Победитель турок (Дарваш) - страница 22

— Эй, полегче, гору свернете!

А Янко, боготворивший силу, вновь воспылал удалью при виде буйной этой схватки и, позабыв о своем достоинстве, подбадривал драчунов: — Крепче зажимай! За шею, за шею его хватай! Ох, и дурень же ты, раззява!

А когда парень, заподозренный в неудачном сватовстве, уложил противника на обе лопатки и встал над ним, тяжело дыша, Янко вдруг подскочил к нему и крикнул:

— А ну, становись! Померимся силою!

Необычное предложение было встречено удивленной тишиной. Янку попытался протестовать:

— Уж не станешь ли ты с холопом вязаться?!

Но Янко только отмахнулся. А так как парень готовился к схватке весьма неохотно и, видимо, был бы рад улизнуть, Янко предупредил его:

— Не прикидывайся, будто всю силу вкладываешь, борись по совести, а не то велю батогами тебя угостить!

Услышав это, парень так перетрусил, что схватился с Янко всерьез и в два счета уложил его наземь. Исход схватки был встречен с молчаливым ужасом, мужики дохнуть не смели, а парень стоял над Янко с такой испуганной, несчастной физиономией, будто его самого сбили с ног, да не один, а по меньшей мере двадцать раз подряд… Прежде всех опомнился надсмотрщик и злобно накинулся на парня:

— Ах ты свинья, мужицкая харя! Да как ты посмел бесчестие такое учинить? Да я тебе все кишки выпущу, пес смердящий!

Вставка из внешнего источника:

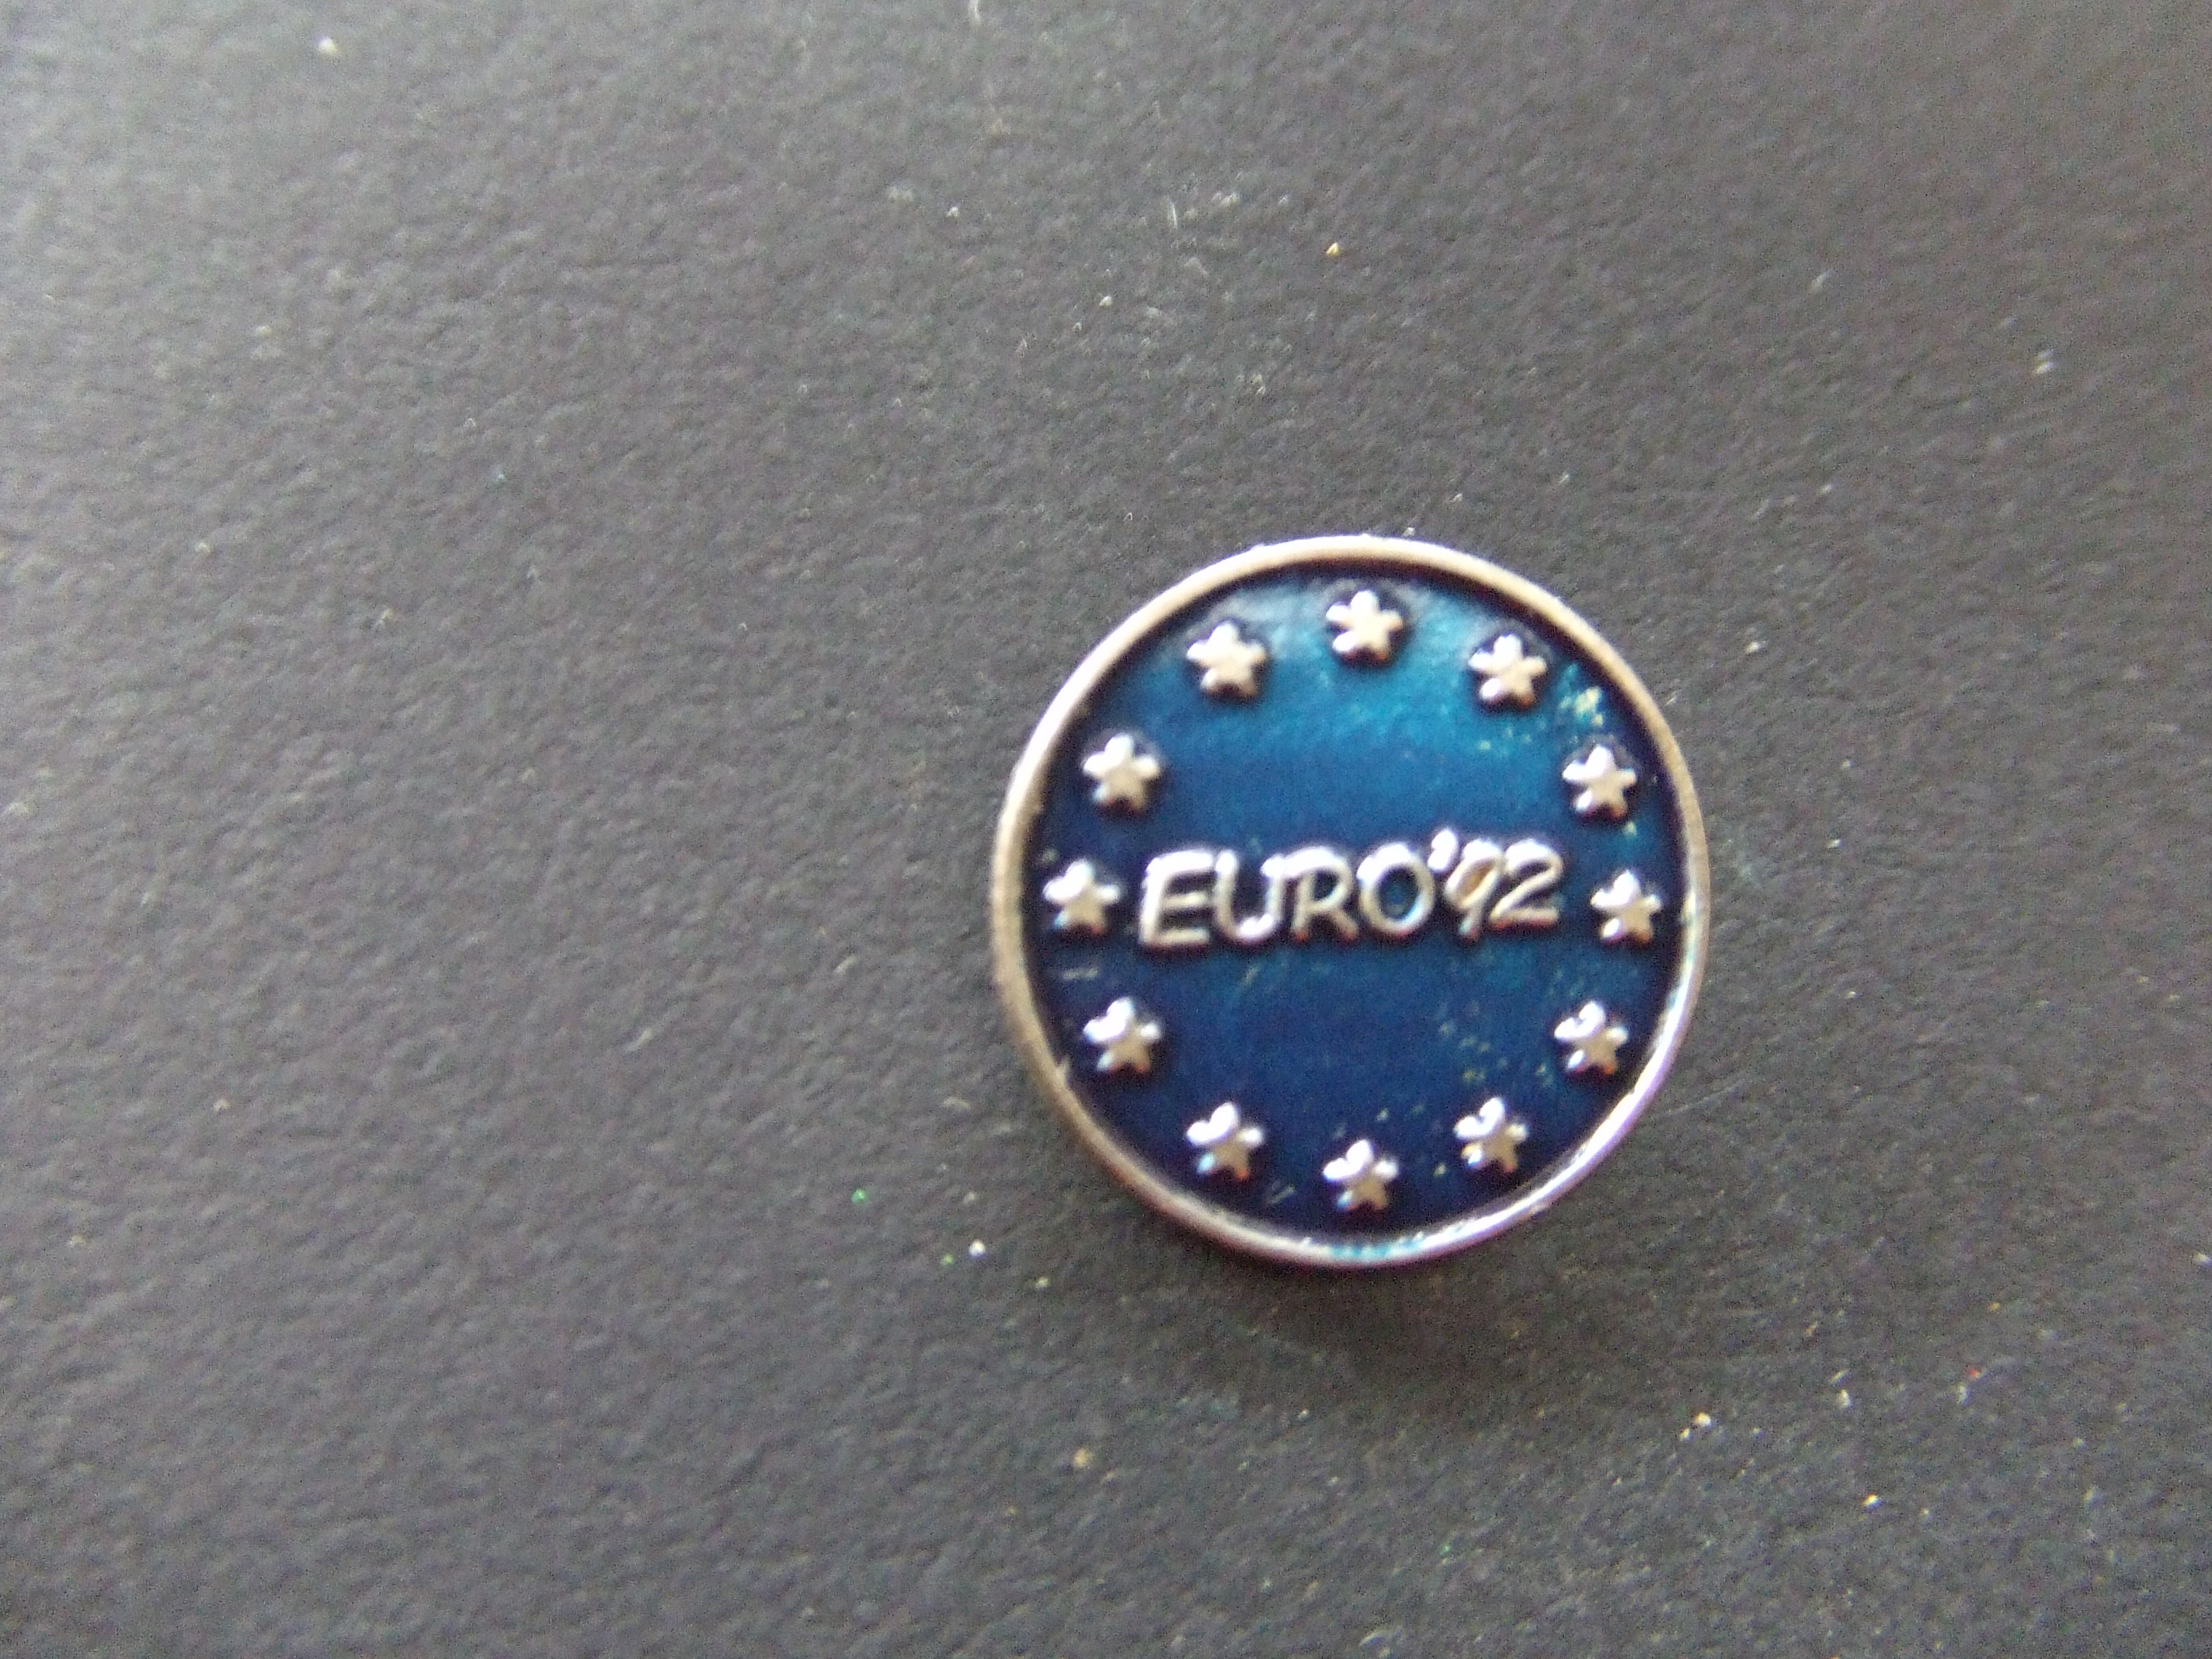 Euro'92
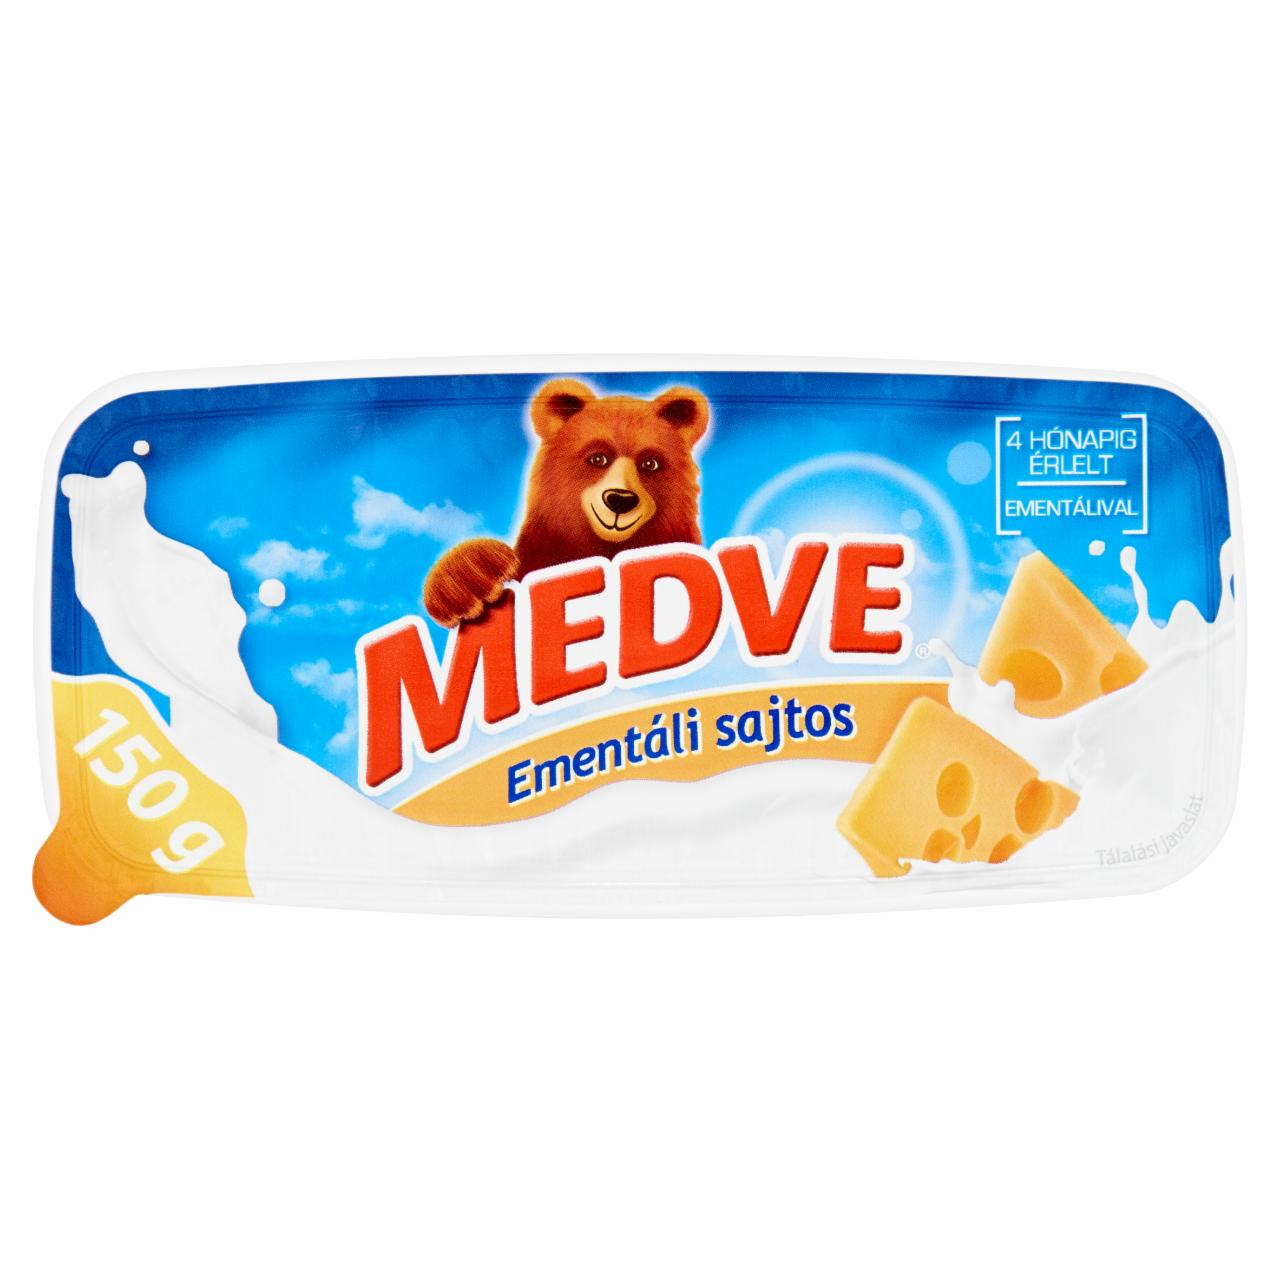 Képek - Medve ementáli sajtos szendvicskrém 150 g

И он так лягнул парня по ноге, что тот упал, а надсмотрщик начал лупить его палкой, пиная еще и ногами. Подбежали воины из сопровождения молодых господ и тоже стали избивать парня; один воин помог Янко встать с земли. С трудом поднявшись, злой и пристыженный, Янко бросился прямо к коню. Янку и свита поспешили вслед. Надсмотрщик остался один, но и сам отлично справился с экзекуцией. Парень постанывал, но, казалось, только по обязанности, будто считал побои заслуженными, и даже не пытался укрыться от ударов; прочие мужики неподвижно сидели вокруг костра и молча смотрели, как истязают их товарища.

Некоторое время Янко и его отряд спускались по проклятой богом дороге почти в полной тьме. Кони под ними дрожали от страха и ставили ноги осторожно, будто человек, недавно лишившийся зрения. Но не успели они выехать из лесу, как из-за туч выглянула луна, и от круглого ее диска стало светло, как днем, а деревья, кусты и даже камни отбрасывали теперь таинственные, неправдоподобные длинные тени.

Всадники молча осторожно спускались с кручи. Янко даже не вспомнил о состязании, ради которого они, собственно, чуть не перевалили хребет. Он думал о том, что произошло, и чувствовал себя самым несчастным, самым распоследним существом на свете; от гнева и отчаяния впору было зареветь. Нужно было ему этакое позорище? И не в том дело, что его, Янко, уложили наземь, а в том, что сделал это крепостной, простой холоп! И зачем он связался с ним, да и с другими тоже? Выходит, прав был молодой Уйлаки, бросив ему прямо в глаза: «Мужик ты! Тебе только с крепостными компанию водить!» Правда, Уйлаки в тот же миг свое получил: Янко так ему по зубам съездил, что обидчик сразу кровью захаркал. Коли мужик он, то и действует по-мужицки!.. Однако строптивый гонор: «Каков есть, таким и принимайте!» — овладевал нм лишь при вспышках гнева, вообще же он горько сокрушался, что столь невежествен, и сердился на отца, который вырастил его неучем… Вот и Анна, Анна Уйлаки поначалу явно к нему склонялась, а как заговорили кругом, что он такой-сякой, неученый, сразу ей Лацко Перени милее стал. А много ли Лацко умнее, ученее? Только что движется половчее, да льстив, да любезности говорить обучен. Но и то правда — разве стал бы Лацко Перени с крепостным парнем бороться? Что, как они там узнают? Да Анне расскажут?!